Render therefore unto
Caesar the things which are Caesar's; and unto God the things that are
God's"
I can speak now from a more than twenty-five year contemplation of this
verse and its help in understanding human social existence.
Christ here recognizes that there is a difference between the earthly
social realm (Caesar) and the realm of the Father, or what we in
anthroposophy often call "the spiritual world". He enjoins human
beings to give (render) to earthly human existence what belongs to that
world, and to give (render) to the Father what belongs to Him.
When we render unto social existence, that organism acquires those
qualitative characteristics which we give to it. Social life,
especially the Life of Rights, is entirely formed out of what we give
to it (whether positive or negative). The realm of the Father,
however, is not formed by what we render to it, but rather we ourselves
are formed by that activity. We become in accord with how we
develop spiritually.
The two realms then interact with each other in a reciprocal
fashion. To the extent we render to something higher than
ourselves, we develop. To the extent we later render those
developing qualities into the social life, it develops. The
social organism's development can aid (or hinder) our inner development
(and processes of education are clearly an excellent example of this);
and, our development clearly can aid (or hinder) the development of
social existence (witness the problems in America in the present due to
the excess of amorality in political affairs).
The above is an oversimplification, as the reader might guess. On
my website can be found a more detailed examination in a long (five
part) essay: Waking the Sleeping Giant: the mission of Anthroposophy in
America (
http://ipwebdev.com/hermit/wkslg.html).
In those lectures collected under the title: The Inner Aspect of the
Social Question, Rudolf Steiner remarks that while the Cultural Life is
a mirror-like image of our pre-birth existence, and the Economic
Life is a mirror-like image of our post-death experience, the Life of
Rights is entirely earthly. It has no spiritual world
counterpart.
In this way Steiner also recognizes what is pointed to by Christ -
Caesar's realm and the Father's realm are not the same. We
should, by the way, also keep in mind that the Life of Rights is the
central organ of the threefold social organism, with all that that
observation implies.
What happens when an aspect of the Cultural Life is forced by
circumstances (and some of its own behaviors) to interact with the Life
of Rights? What qualities of the Life of Rights are to be
encountered, and what might be the consequence for this cultural
institution (such as the Anthroposophical Movement and Society)?

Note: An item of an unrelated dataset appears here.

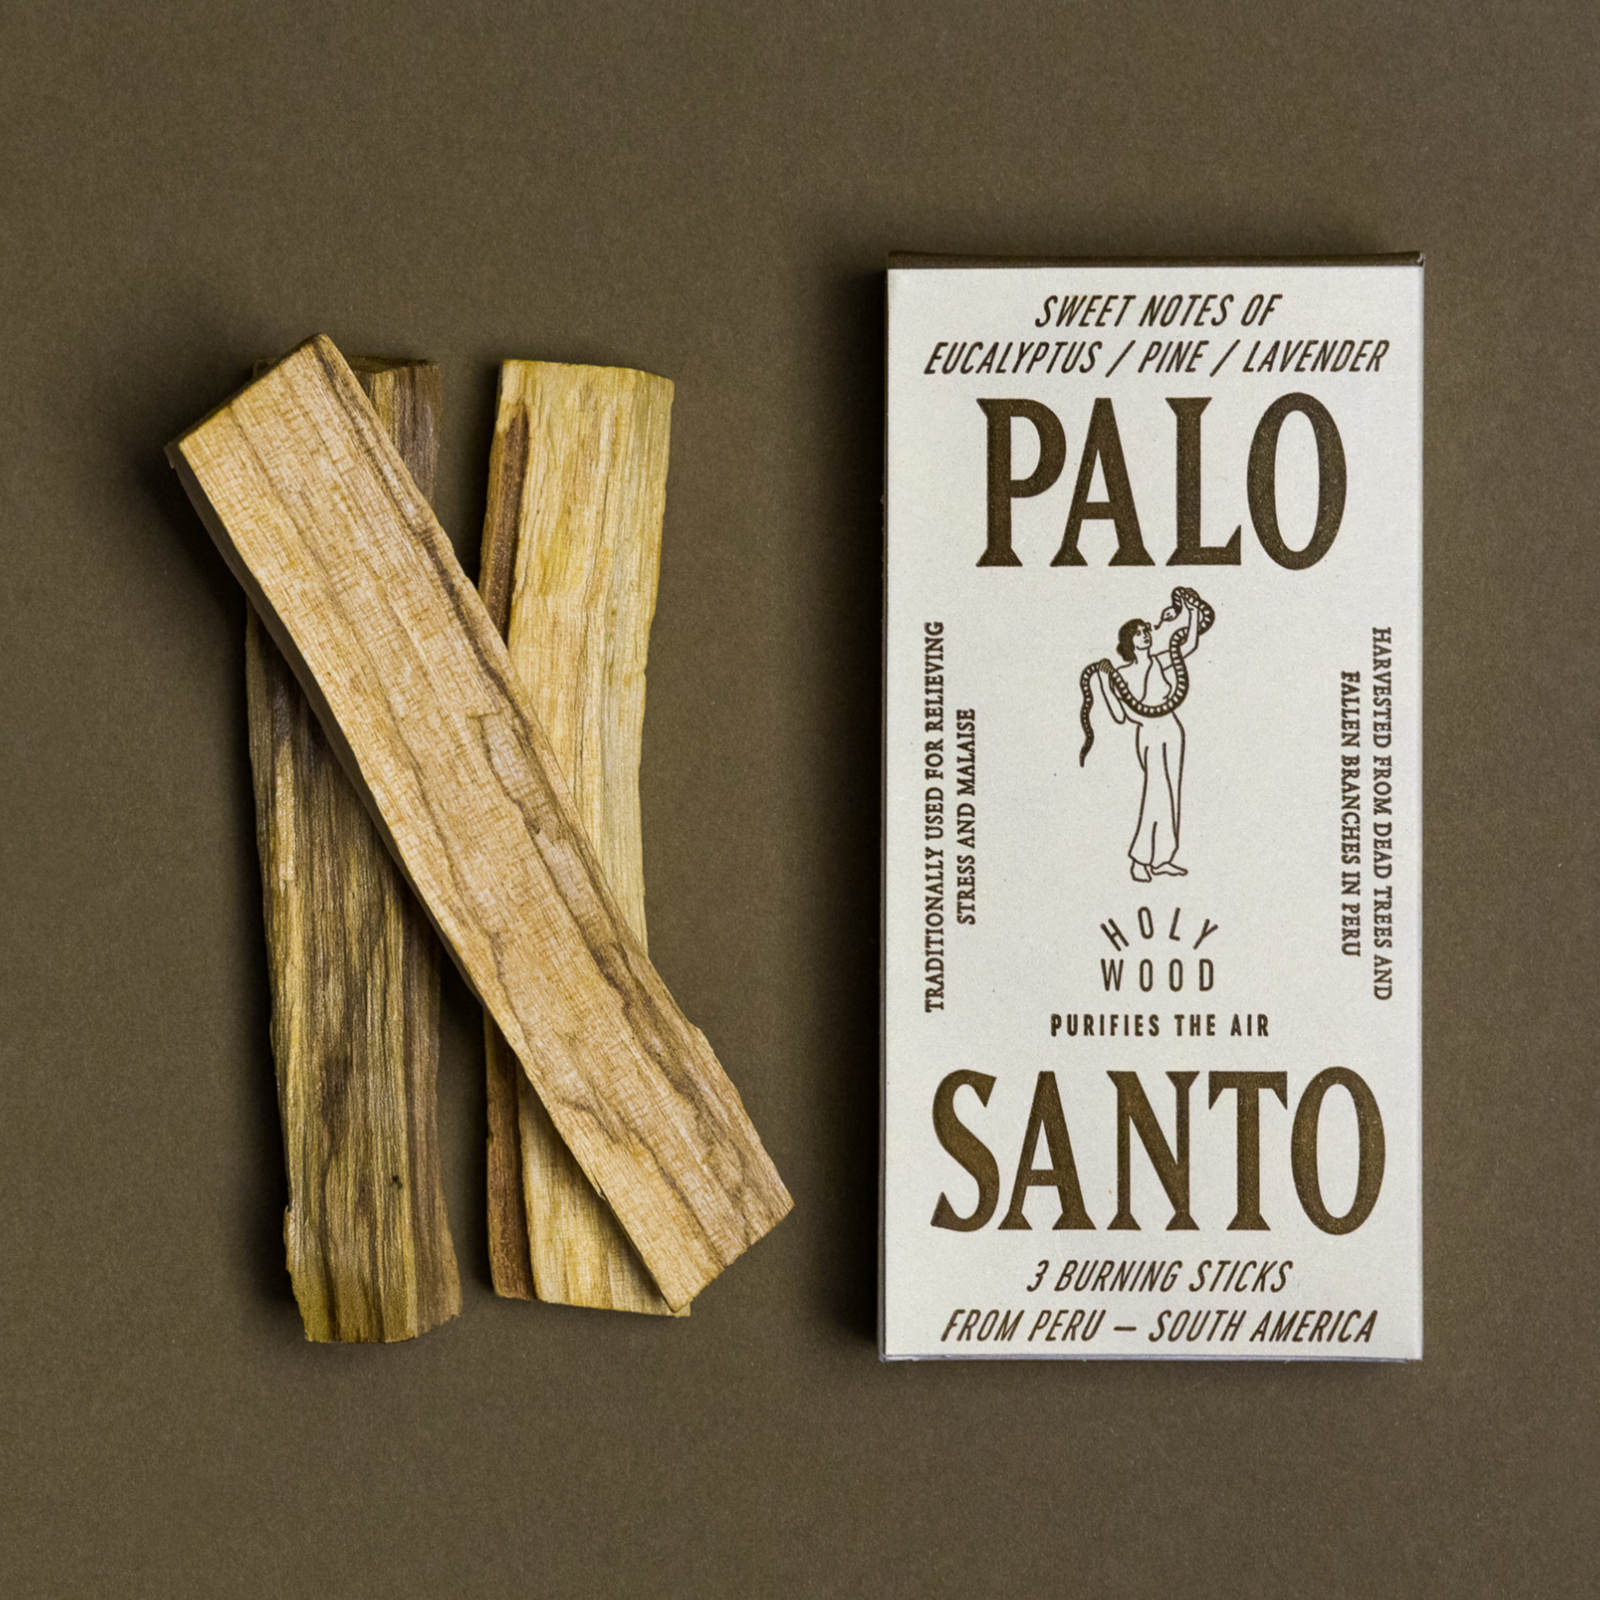 Palo Santo "Holy Wood"

When I was in law school, on almost the first day, more than one
law professor made clear to us that the Law is not the same as morality
(Spirit). Law was, in fact, what the social order determined to
be its lowest tolerable expectation. Morality (Spirit) was the
highest expectation, and the Law the lowest.
In addition, from a phenomenological point of view, Law is to the
social organism, what the skeleton is to the human body - that which is
most hardened and rigid, but without which movement and uprightness
would be impossible. Furthermore, mostly in the long bones, lies
an organ surrounded and protected by this hardened (yet living)
structure - the marrow.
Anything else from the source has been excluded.